Шкрета снова повернулся к мертвой Ружене и попросил сообщить ему подробности ее смерти. Вслед за этим сказал:
— Нет. Это не похоже ни на один медикамент, ни на одно вещество, какое она могла бы достать в наших кабинетах. Это безусловно какой-нибудь алкалоид. Какой, установит вскрытие.
— Как она могла его получить?
— Затрудняюсь сказать.
— Пока все покрыто мраком неизвестности,— сказал инспектор.— В том числе и мотив. Вот этот молодой человек показал, что у нее должен был родиться от него ребенок, которого она хотела уничтожить.
— Он принудил ее к этому! — кричал Франтишек.
— Кто? — спросил инспектор.
— Трубач! Он хотел отбить ее у меня и принудил ее избавиться от моего ребенка! Я следил за ними! Он был с ней на комиссии.

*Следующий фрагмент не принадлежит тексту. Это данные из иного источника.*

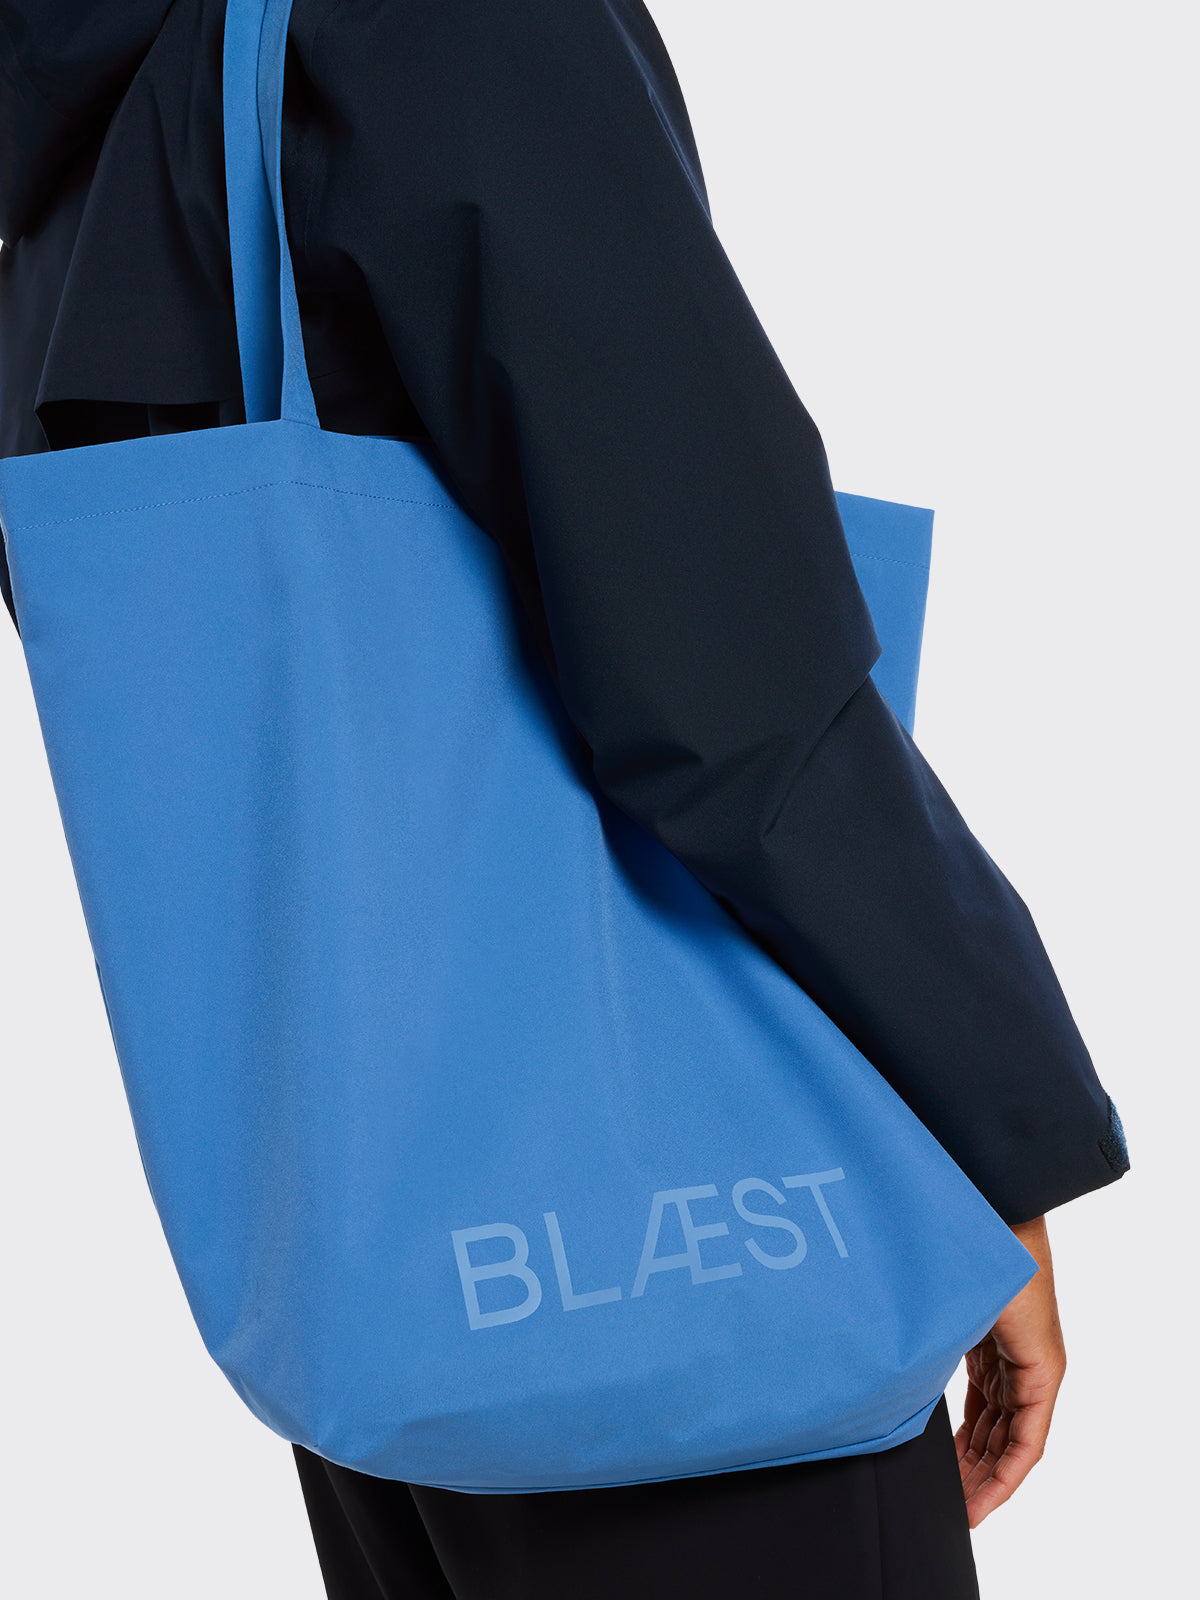 Moa tote bag in the color Coronet Blue from Blæst

— Я могу подтвердить это,— сказал доктор Шкрета.— Мы сегодня действительно рассматривали заявление этой сестры на предмет аборта.
— Трубач был там с ней?
— Да,— сказал Шкрета.— Наша сестра объявила его отцом своего ребенка.
— Это вранье! Это мой ребенок! — кричал Франтишек.
— В этом никто не сомневается,— сказал доктор Шкрета.— Однако нашей сестре необходимо было объявить отцом человека женатого, чтобы комиссия согласилась с пресечением беременности.
— Выходит, вы знали, что это вранье! — кричал Франтишек на доктора Шкрету.
— По закону решающим является утверждение женщины. Если сестра Ружена объявила нам, что носит в себе плод пана Климы, и он, кстати, утверждал то же самое, то никто из нас не имел права возражать против этого.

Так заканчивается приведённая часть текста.